Information provided Block Start

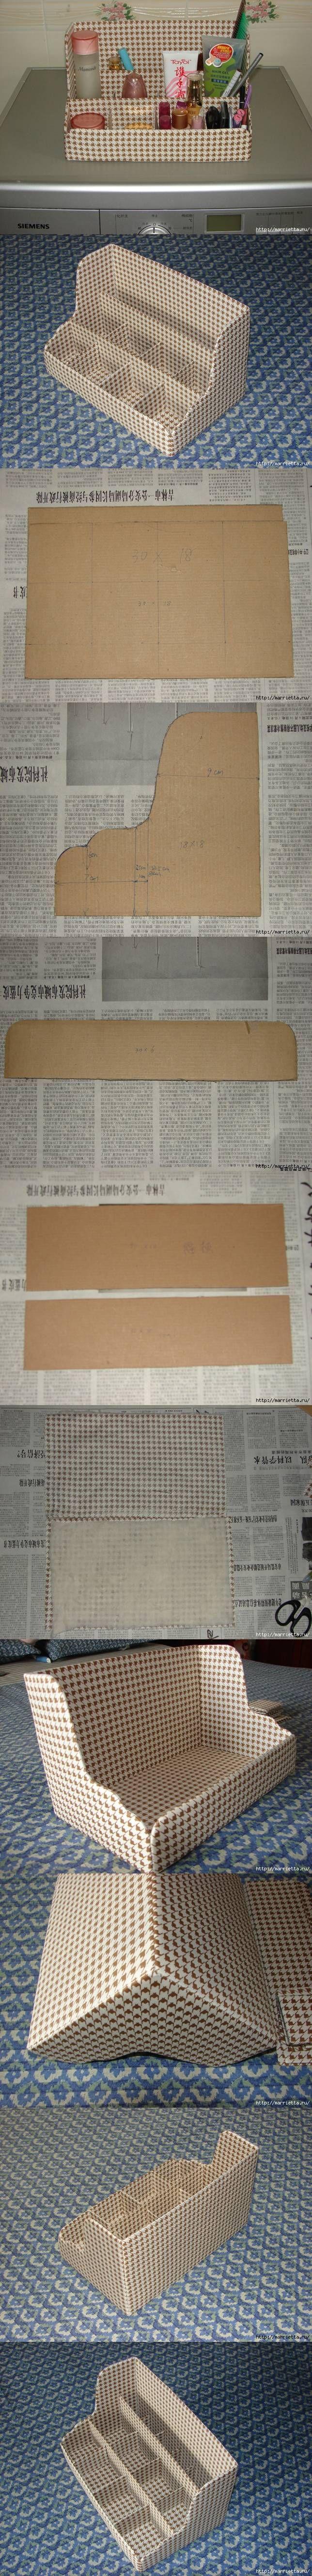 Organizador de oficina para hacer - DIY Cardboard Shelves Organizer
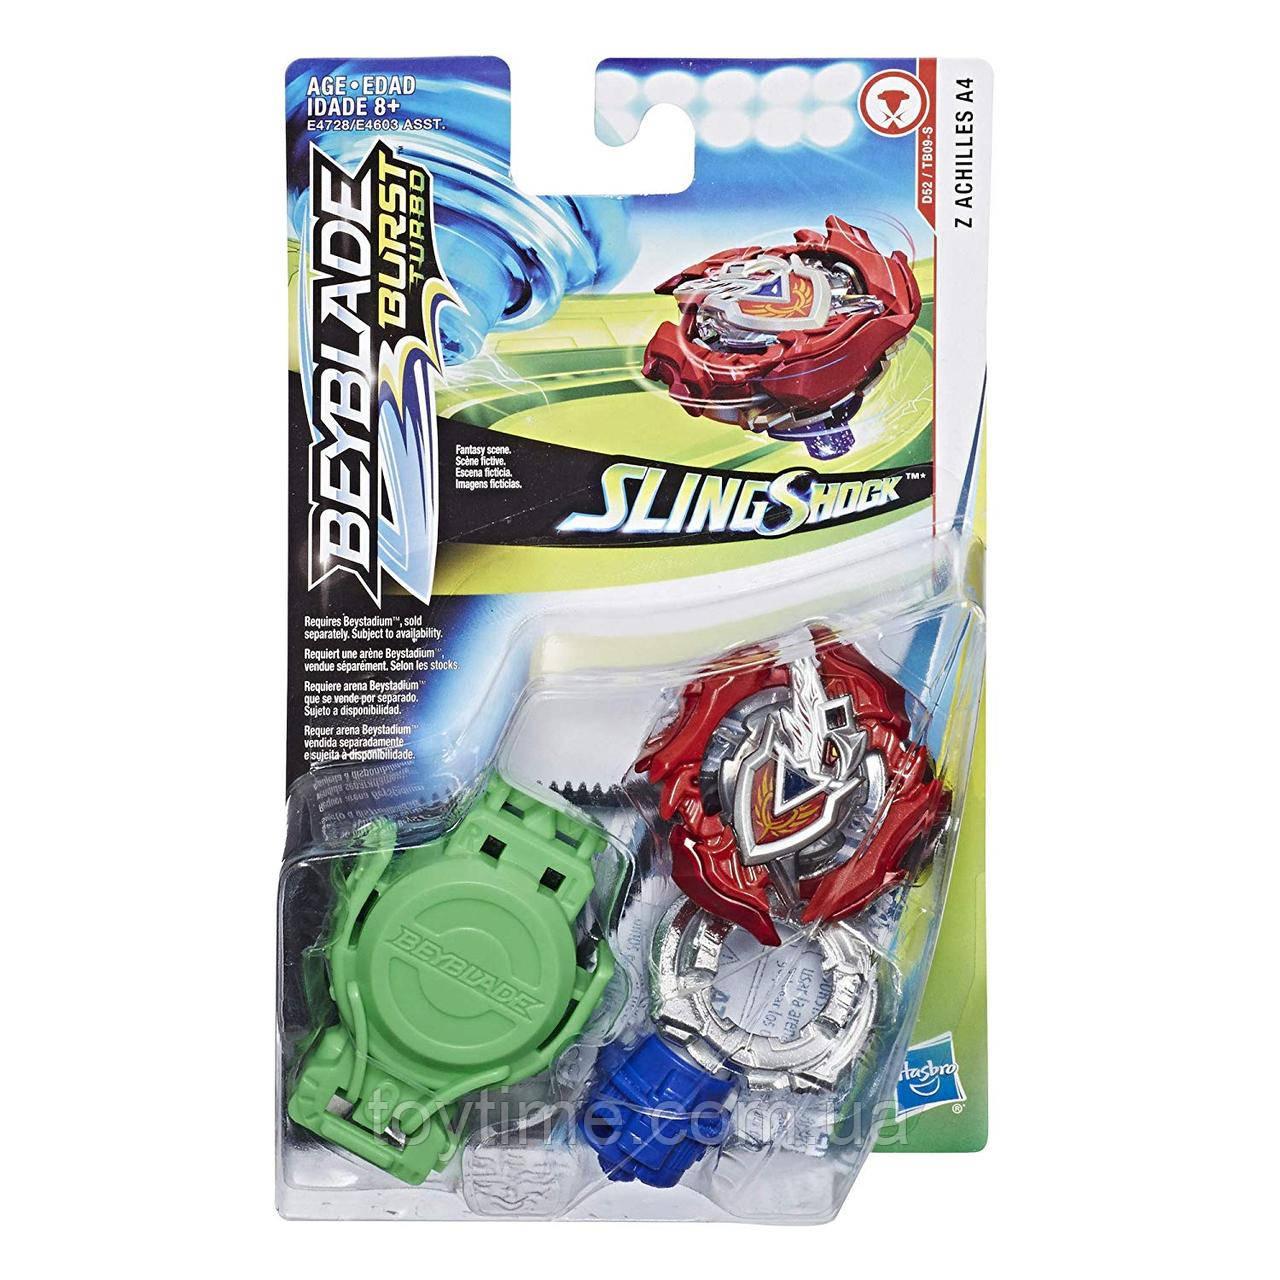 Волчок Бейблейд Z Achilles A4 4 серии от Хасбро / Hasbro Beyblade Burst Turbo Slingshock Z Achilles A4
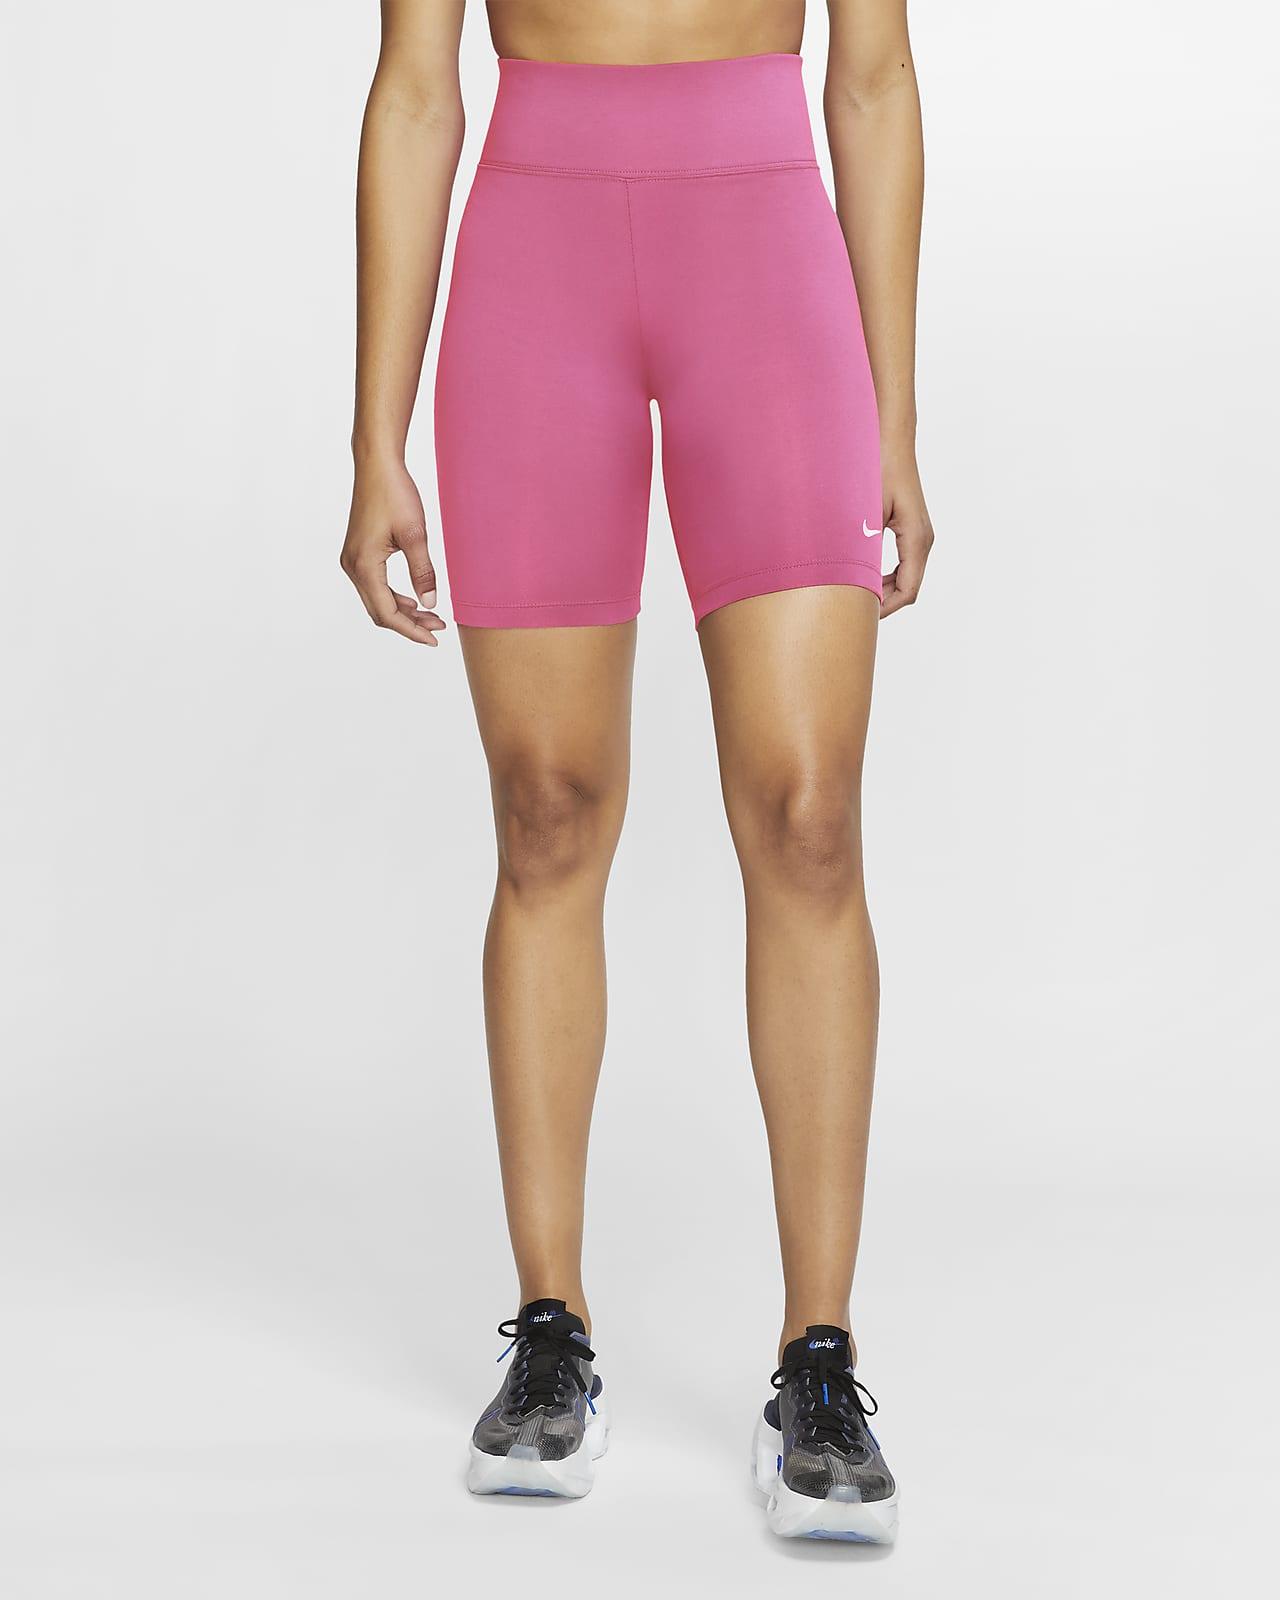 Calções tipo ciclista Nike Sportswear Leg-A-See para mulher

Information provided Block End

● **What is needed**: Omit the pictures, then copy out all the data exactly as it stands.

● **Solution to this exercise**:
 Organizador de oficina para hacer - DIY Cardboard Shelves Organizer
 Волчок Бейблейд Z Achilles A4 4 серии от Хасбро / Hasbro Beyblade Burst Turbo Slingshock Z Achilles A4
 Calções tipo ciclista Nike Sportswear Leg-A-See para mulher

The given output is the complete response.